Now when the line joining the centre of the 2 spheres makes an angle $\theta$ with the vertical the upper sphere loses contact with lower sphere. Then find $\theta$ in degrees.

Note that there is no Friction between the 2 spheres.

2. Relevant equations

$$g=9.8 ms^{-2}$$
$$m_1u_1+m_2u_2=m_1v_1+m_2v_2$$
$$U_{initial} + K_{initial}=U_{final}+K_{final}$$

3. The attempt at a solution

Unfortunately, I haven't been able to get anywhere with the solution.

I took the small sphere (of radius r) as $m$ and the large sphere (of radius R) as $M$. The velocity of the small sphere is $v_m$ and the velocity of the large sphere is $v_M$.

When the small sphere will fall off, the Normal Reaction would be 0. Using this relation,
at the time of falling off (taking radial components),

$$\dfrac{mv_m^2}{R+r}=mg\cos\theta$$

I was told that the next step would be to conserve linear momentum in the horizontal direction since there was no external force in that direction. Lastly I was to apply the Conservation of Mechanical Energy for the system sphere+sphere+Earth.

Also, I took the 0 Potential Energy reference level as the common horizontal tangent to both spheres.

Unfortunately I'm unable to form the Equations for Conservation of Linear Momentum and Mechanical Energy.

I would be grateful for any help with this question.
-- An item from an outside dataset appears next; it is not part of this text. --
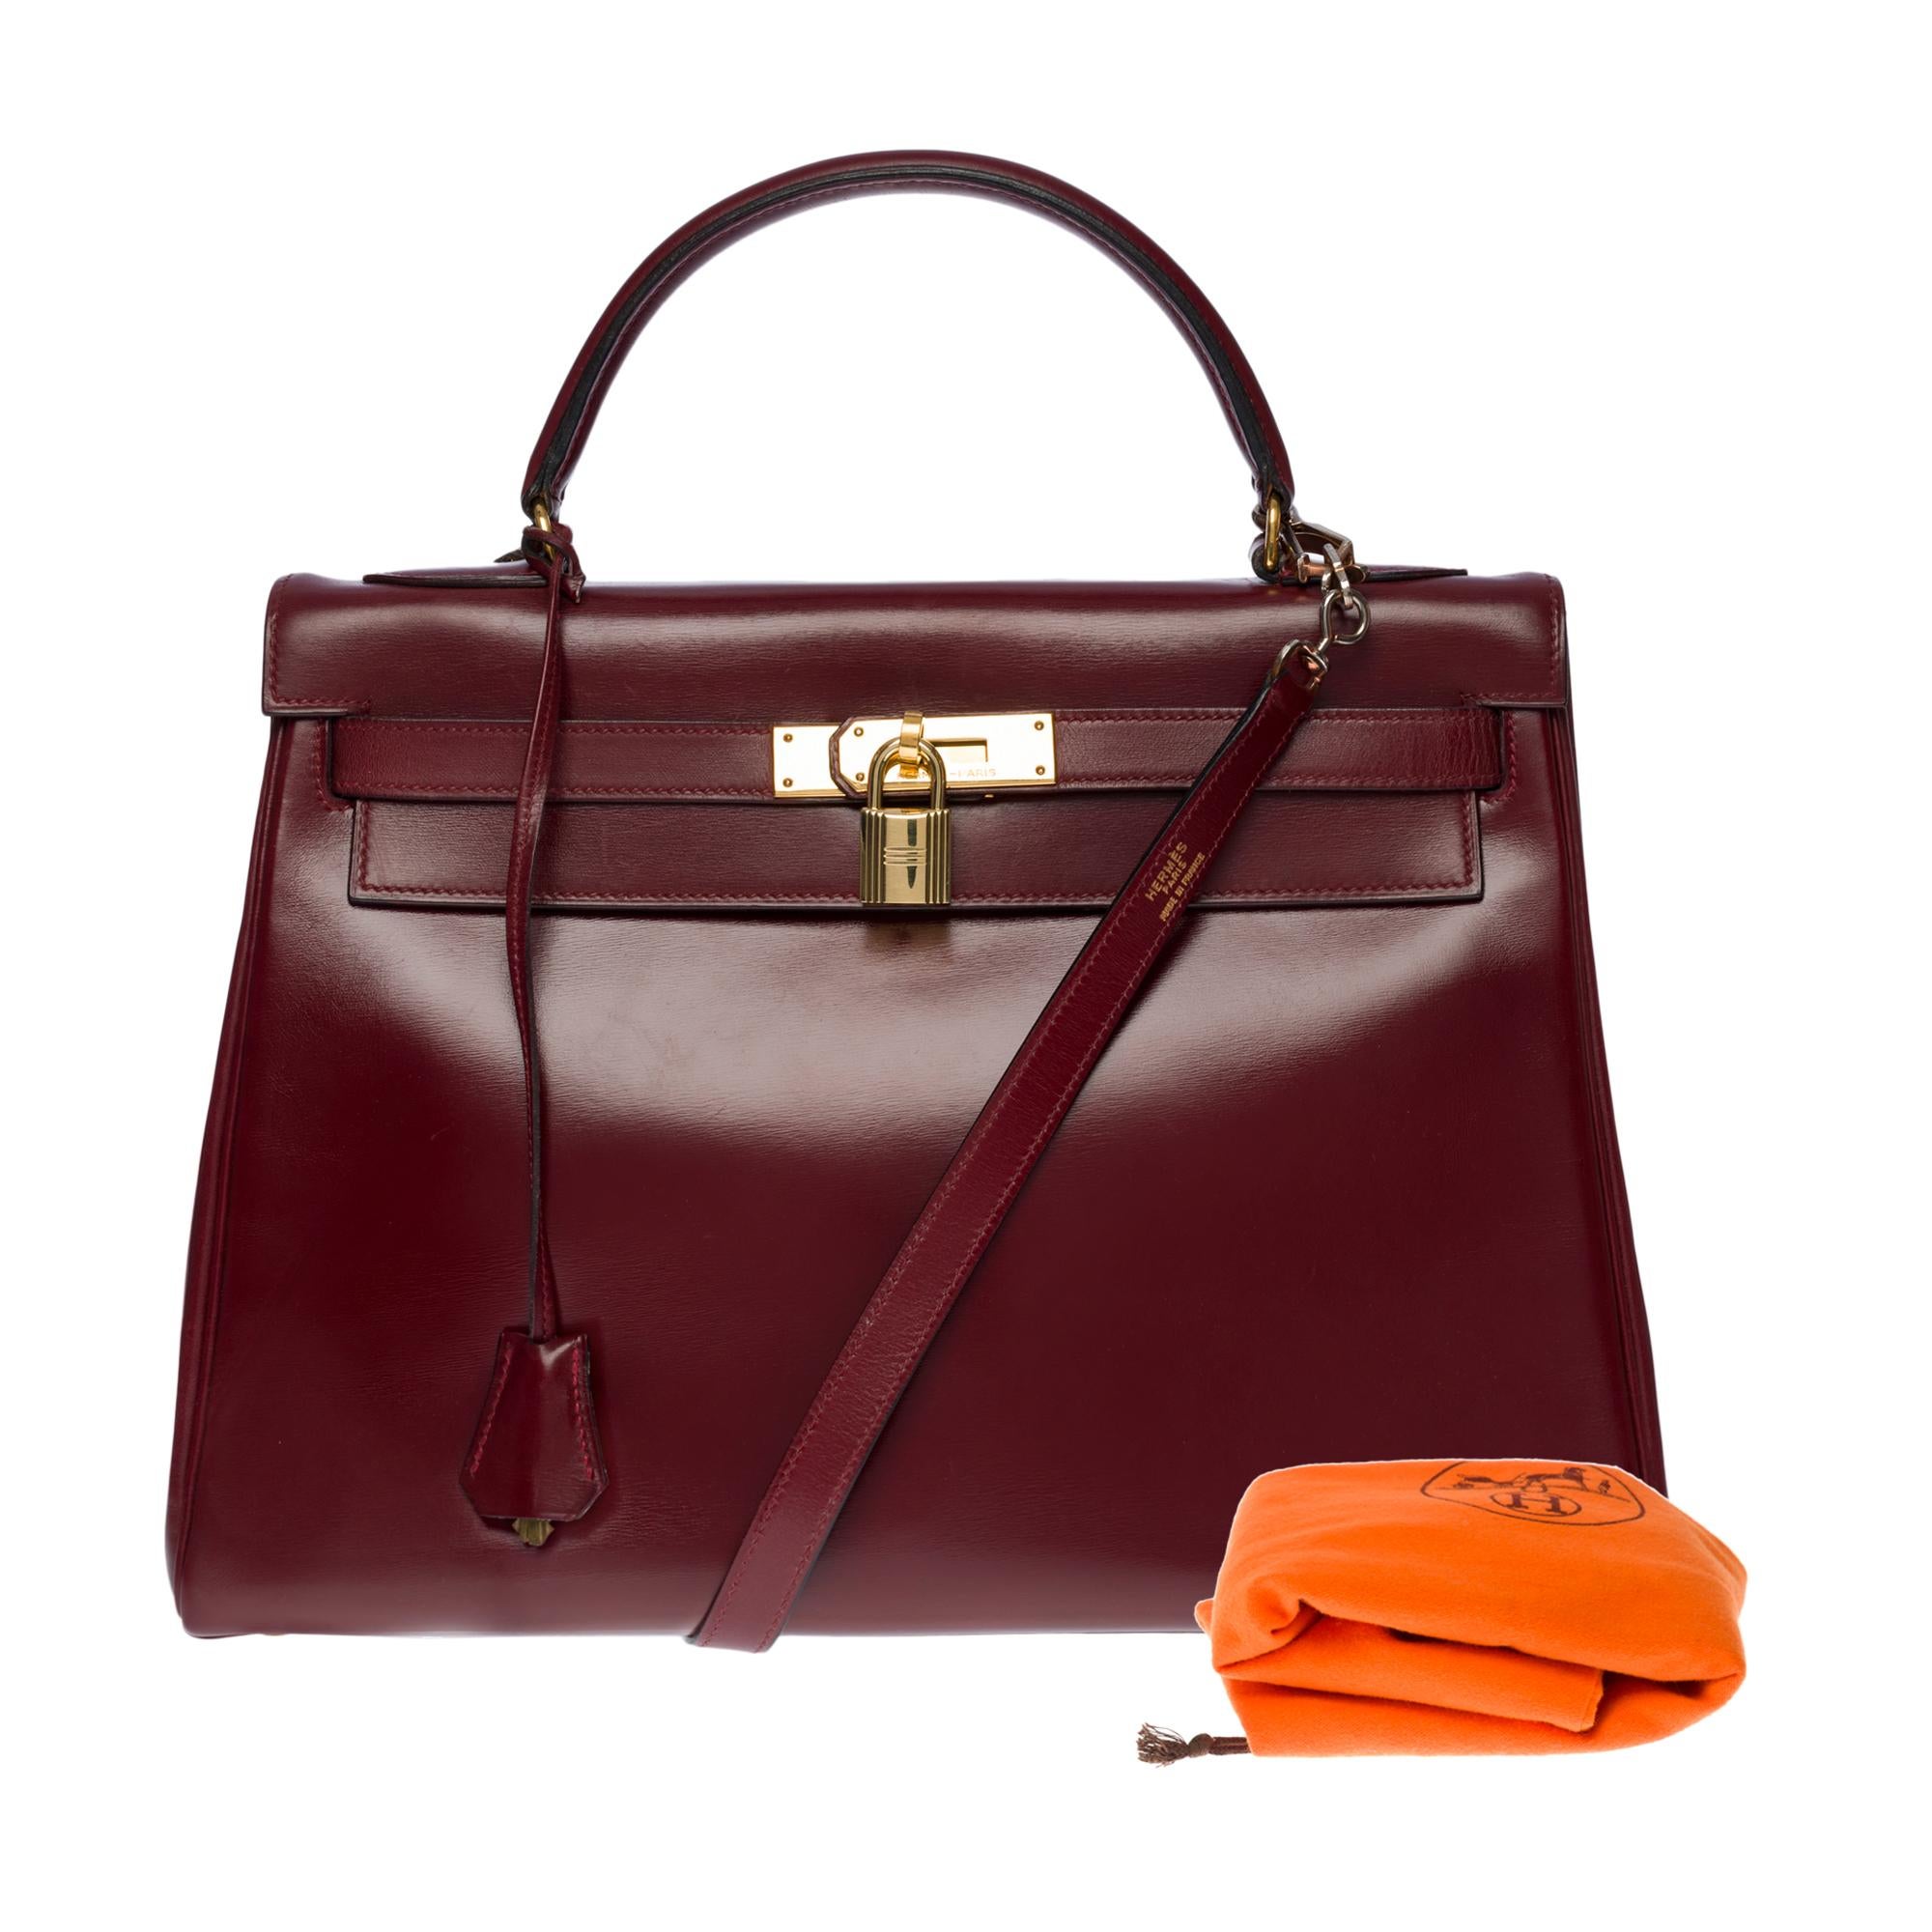 Gorgeous Hermès Kelly 32 retourne handbag strap in Burgundy Calf box leather, GHW 3

Many thanks in advance!

PS. My (incorrect?) equation for Conservation of Energy is as follows: Taking 0 Potential Energy at the top of the sphere, $$-MgR+mgr=\dfrac{1}{2}MV_M^2+\dfrac{1}{2}mv_m^2-MgR-mgR(1-\cos\theta)$$

Last edited: Sep 13, 2015
2. Sep 13, 2015

### Staff: Mentor

The big sphere will move as well.
For the initial positions?
I guess the floor would be more intuitive.
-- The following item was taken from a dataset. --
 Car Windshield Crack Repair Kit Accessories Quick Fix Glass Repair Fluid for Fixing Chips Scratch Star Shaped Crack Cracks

If there is friction, the spheres will rotate as well, but the problem statement is a bit unclear in several aspects.

3. Sep 13, 2015

### Better WOrld

Sir, I'm really sorry. I had meant to write that there is no friction. Is the problem more clear now?
Sir, why would the floor be more intuitive, please?

Also, could you please show how you arrived at $$\vec{F} = a^2 \cos(\theta) \cdot \{ \sin(\theta) \cos(\varphi), \sin(\theta) \sin(\varphi), \cos(\theta)^2 \}?$$

4. Sep 13, 2015

### Staff: Mentor

It is the usual way to define "zero height".

That equation in my post was a copy&paste error, sorry. Still had a formula from an unrelated thread in the clipboard. I wanted to copy this formula:
The big sphere will move as well.

5. Sep 13, 2015

### Better WOrld

Sir, I realised that it would move. This would be because of the Normal Force between the 2 spheres. However, I still cannot understand how to apply the law of Conservation of Momentum.

6. Sep 13, 2015

### Staff: Mentor

Then you should take this motion into account.

How can you describe the horizontal momentum in terms of the velocities of the spheres?
What do you know about the horizontal position of the center of mass?

7. Sep 13, 2015

### Better WOrld

I'm sorry Sir, I don't know the answer to the first question. Had there been 2 separate spheres with velocities v1 and v2, the momentum (initial) of them would be $m1v1$ and $m2v2$. However, the confusion is arising since these 2 spheres are in physical contact and it thus seems that the motion of the bottom sphere will influence the motion of the top sphere. Thus, the velocity of the top sphere would not simply be $v_m$. This is what is bothering me, Sir.

Regarding the second question, I didn't understand. Wouldn't the center of mass of each sphere always be at the center of each sphere respectively?

8. Sep 13, 2015

### Staff: Mentor

The contact does not matter.
That is true, but it does not change for formulas for their momentum.
You can define the velocity to be v_m. By the way, for LaTeX you can use two \$ or two # here: $v_m$.
The center of mass of the spheres yes, but I meant the center of mass of the whole system.

9. Sep 13, 2015

### Better WOrld

Sir, regarding the center of mass, in the horizontal direction, it would be at the same level (ie the $Y$ coordinate would be the same) since there is no external force acting in the horizontal direction.